Der agile Service Provider

Zürich, 24.10.2014 – Dominik Moser

Fachartikel für Computerworld vom 24. Oktober 2014

 

Telekommunikationsanbieter sehen sich schon länger mit grossen Herausforderungen konfrontiert. Vertreter anderer Branchen, auf die nun Ähnliches zukommt, können von den Erfahrungen der TK-Branche profitieren. Vier Schlüsselelemente für erfolgreiche Service Provider.


Digitale Technologien, Prozesse und Medien bewirken mehr Transparenz. Zusammen mit der allgegenwärtigen Vernetzung entsteht eine neue Marktdynamik, die Veränderungen in nie dagewesener Geschwindigkeit bringt. Die Eintrittshürde für neue Geschäftsideen liegt damit so tief wie noch nie: Mit einem Computer, einer Internetverbindung und einer Kreditkarte kann man theoretisch in einem Tag ein digitales Business für den globalen Markt aufziehen.

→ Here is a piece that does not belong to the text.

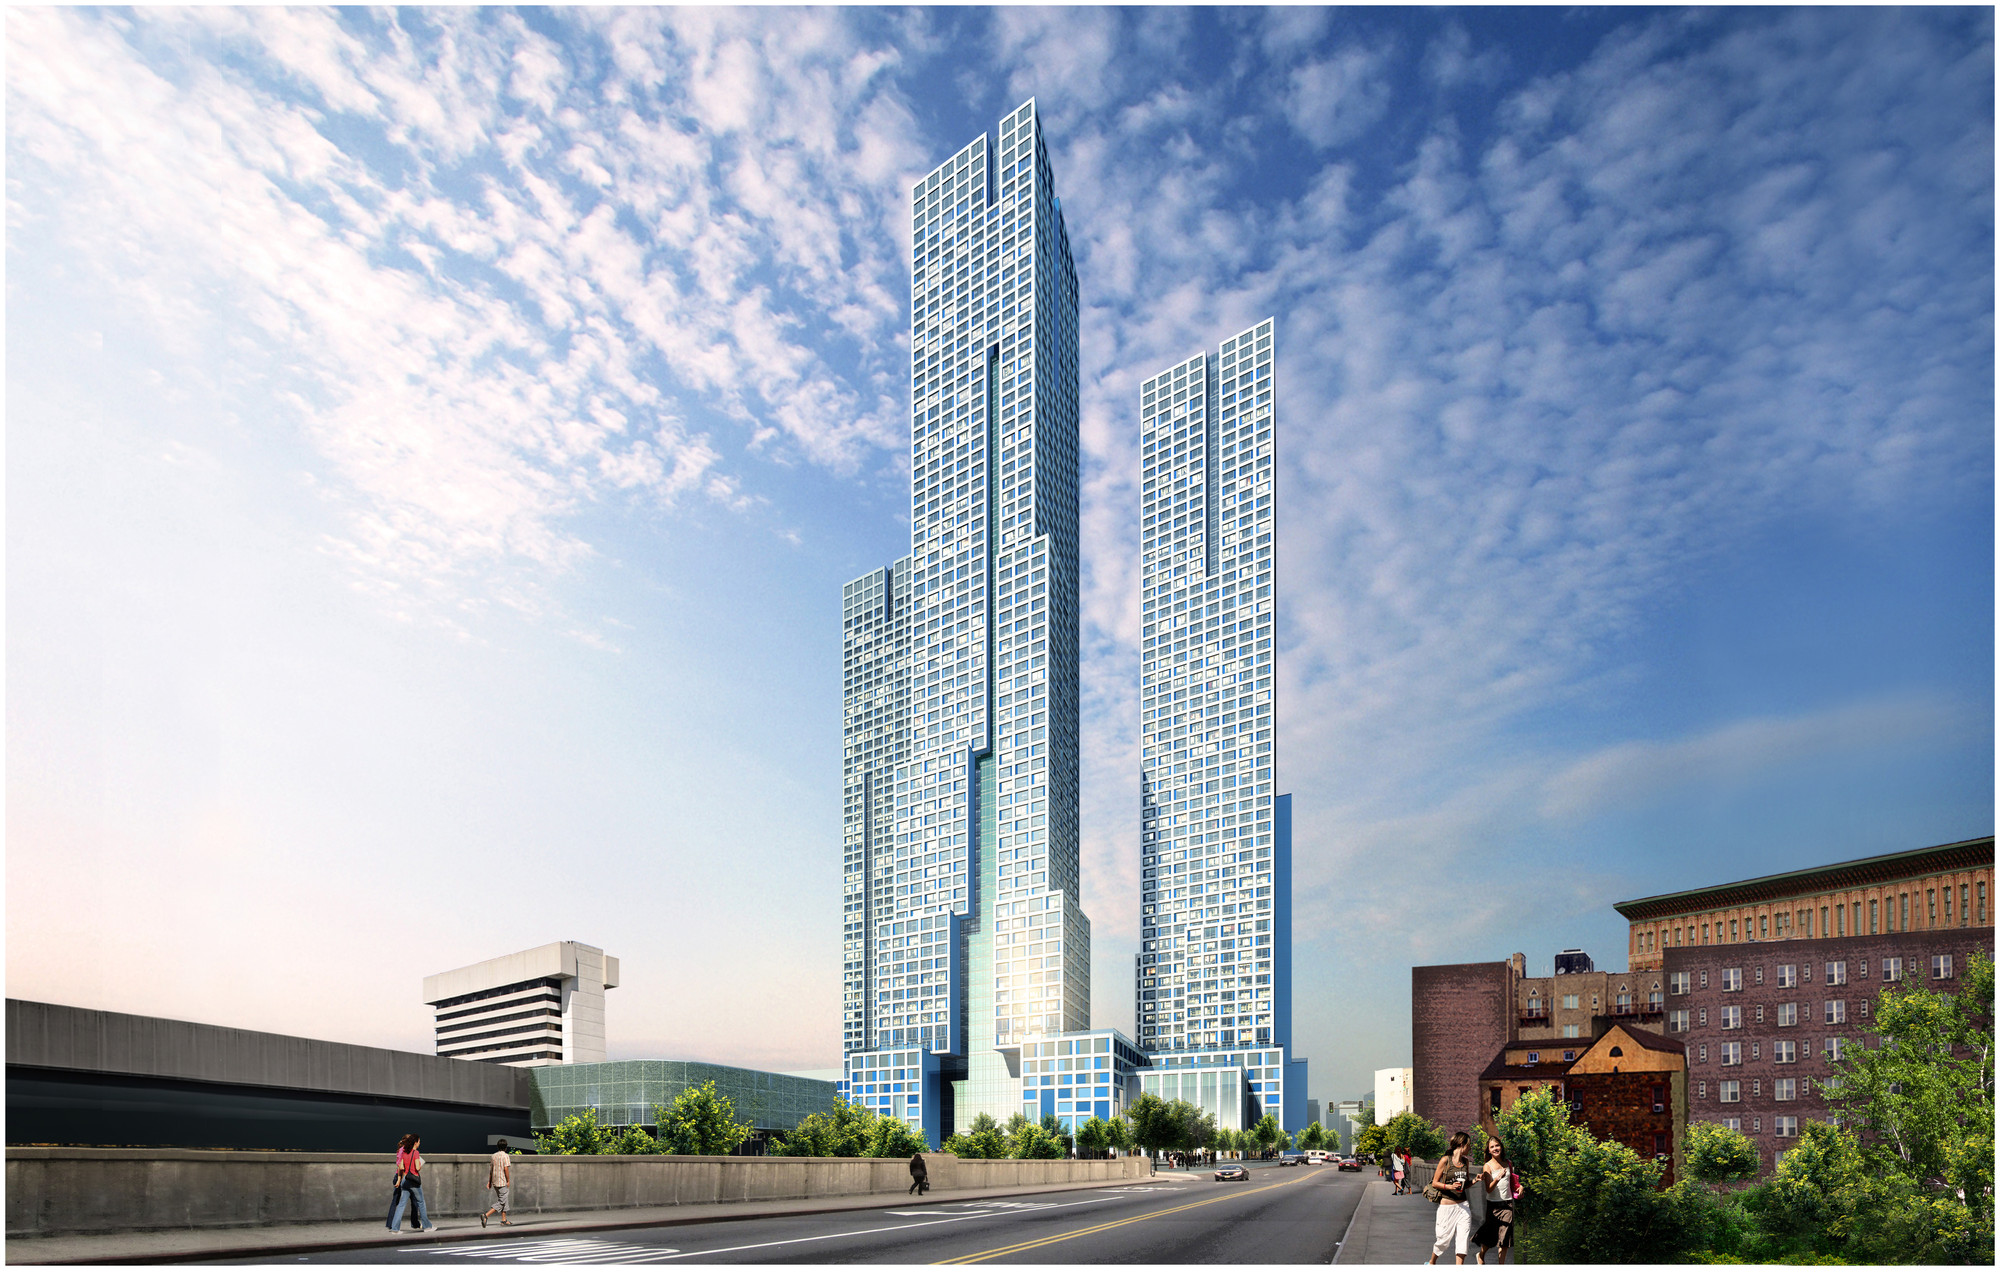 HWKN + Handel Architects Break Ground on New Jersey's Tallest Building, © Hollwich Kushner (HWKN) + Handel Architects
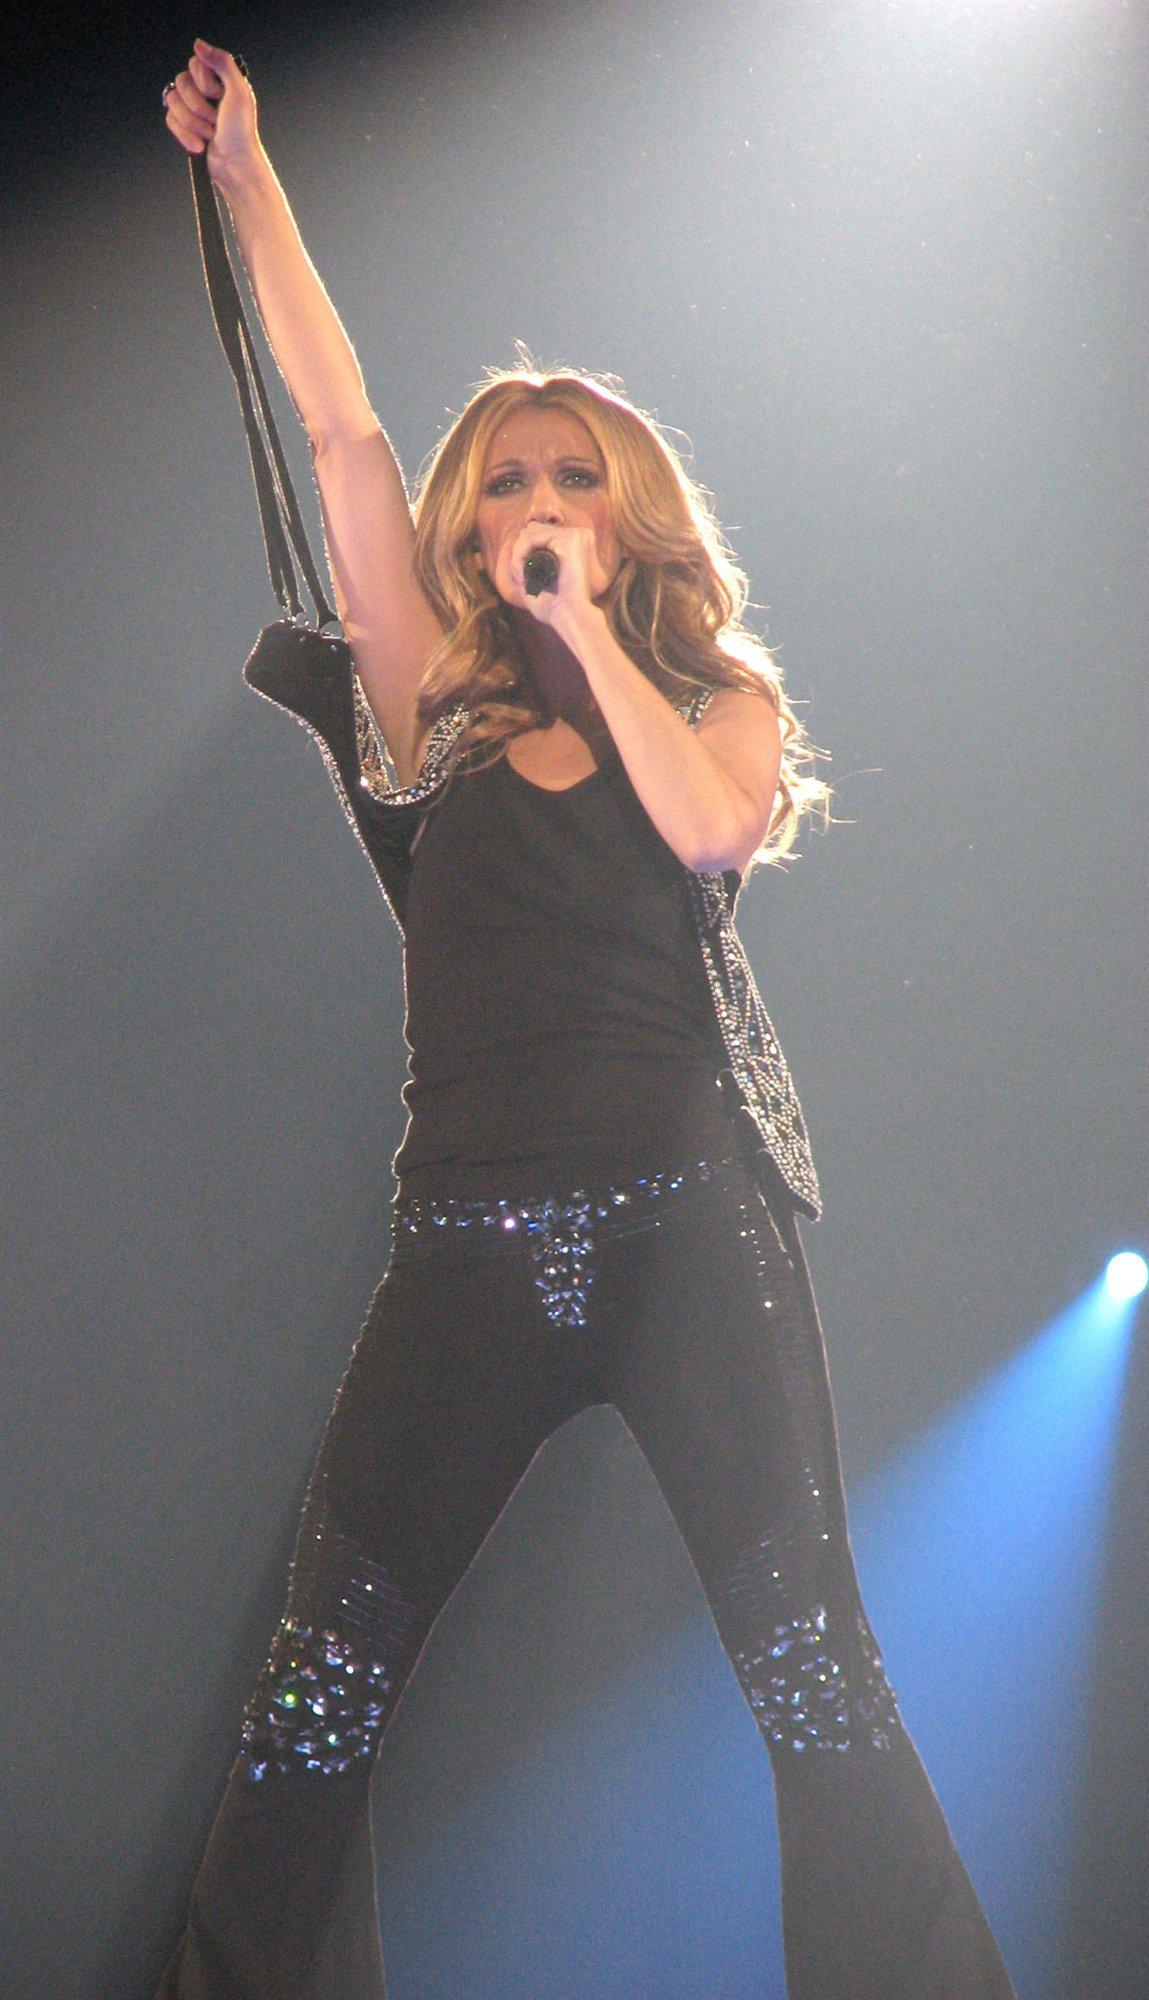 Celine Dion leaked wallpapers

Was die Auswirkungen der aktuellen Marktveränderungen betrifft, stehen die Telekommunikationsanbieter an vorderster Front. Sie haben die Folgen als Erste zu spüren bekommen: Kosten und Umsatz stehen je länger, desto weniger im Gleichgewicht. Die grössten Kosten verursachen Unterhalt und Ausbau der Infrastruktur. Auf der anderen Seite brechen die Umsätze der klassischen Produkte und Dienstleistungen ein, weil das Preisniveau laufend sinkt, günstigere Alternativen vorhanden sind oder neue Player ohne Altlasten innovative Geschäftsmodelle hervorgebracht haben. Das Ganze führt dazu, dass viele Anbieter über Jahre hinweg ihre bisherigen, konventionellen Geschäftsmodelle anpassen müssen.

 

Vor den gleichen Herausforderungen stehen heute zunehmend auch Vertreter anderer Branchen. Disruptive Marktveränderungen verlangen nach einer schnellen Reaktion des gesamten Unternehmens. Ohne eine agile, reaktionsfähige IT ist dies kaum mehr möglich. Im Folgenden werden vier Elemente vorgestellt, die – aus den Erfahrungen der Ergon Informatik AG mit TK-Anbietern abgeleitet – für den Erfolg von Service Providern wesentlich sind.

1. Die Service Factory

Eine Service Factory generiert industriell und hoch automatisiert aus standardisierten und wiederverwendbaren Servicebausteinen komplexe Dienstleistungen. In einer Automobilfabrik beispielsweise werden schon heute stark individualisierte Kundenwünsche am Fliessband produziert. Eine solche Service Factory benötigt nicht nur eine intelligente Produktionssteuerung, sondern auch eine zentrale Definition dessen, was zum vollständigen Service gehört: vom Verkauf über die Produktion bis zur Verrechnung.


Der andere Aspekt der Service Factory ist die IT selbst: Das Business ist oft limitiert durch die Geschwindigkeit der internen IT. Durch das Nebeneinander von vielen, teils veralteten Technologien ist eine Komplexität entstanden, die Systeme träge macht und Veränderungen erschwert. Bisher wurden die Systeme oft als Silos realisiert, das heisst als gegenseitig abgeschottete, vertikal integrierte Lösungen für genau ein Problem. Die Zukunft sieht anders aus: Die IT muss sich mit der Geschwindigkeit des Business bewegen.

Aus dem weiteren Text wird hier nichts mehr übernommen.